In probability theory and statistics, a conditional variance could be the variance of a conditional probability submission. That is, it's the variance of a random variable given the value(s) of one or more other variables. Specially in econometrics, the conditional variance is generally known as the scedastic function or skedastic function
For example, when Y = Height and X
= sex for persons in a very certain population, then Var(height | sex) could be the variable which assigns to everyone in the population this variance of height to the person's sex.

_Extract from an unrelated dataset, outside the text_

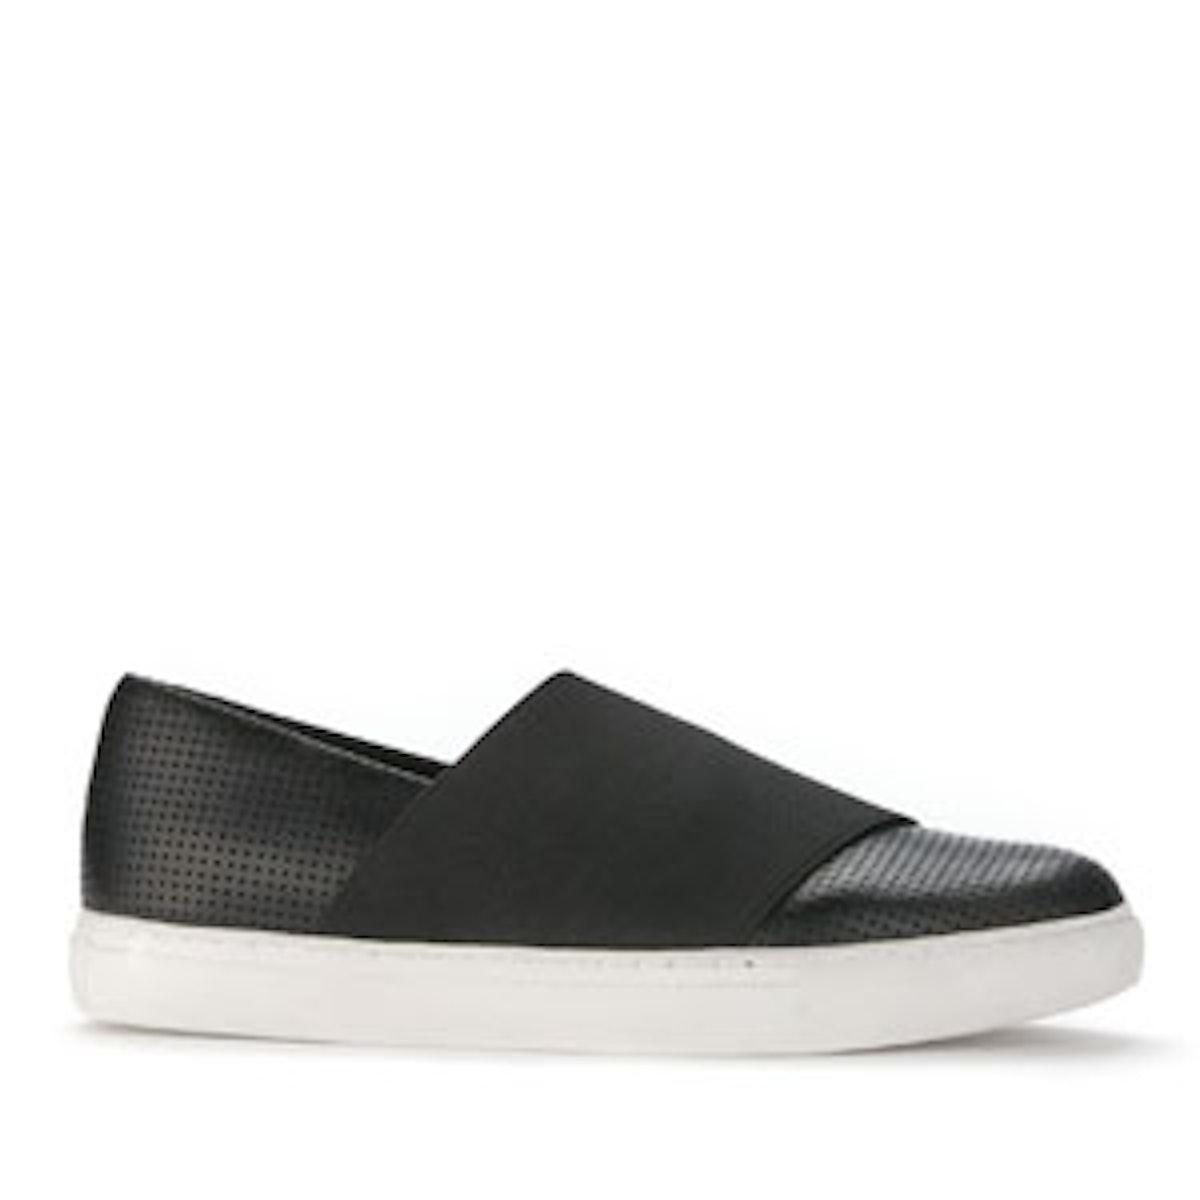 Kingliest Leather Low-Top Sneaker

The conditional variance of X given Y = yj is given by

V(X/Y = y$_{j}$) = E[{X - E(X|Y = y$_{j}$)$^{2}$}|Y = y$_{j}]$
In a similar manner conditional variance of Y given X = x$_{i}$ can also be defined.

For a continuous case,

The conditional variance of X may be defined as

V(X|Y = y) = E[{X - E(X/Y = y)$^{2}$}|Y = y]
Similarly, V(Y/X = x) = E[{Y - E(Y/X = x)$^{2}$}|X = x]

The variance of X can be regarded as consisting of two parts, the expectation of the conditional variance and the variance of the conditional expectation.

Symbolically, V(X) = E[V(X|Y)] + V[E(X|Y)]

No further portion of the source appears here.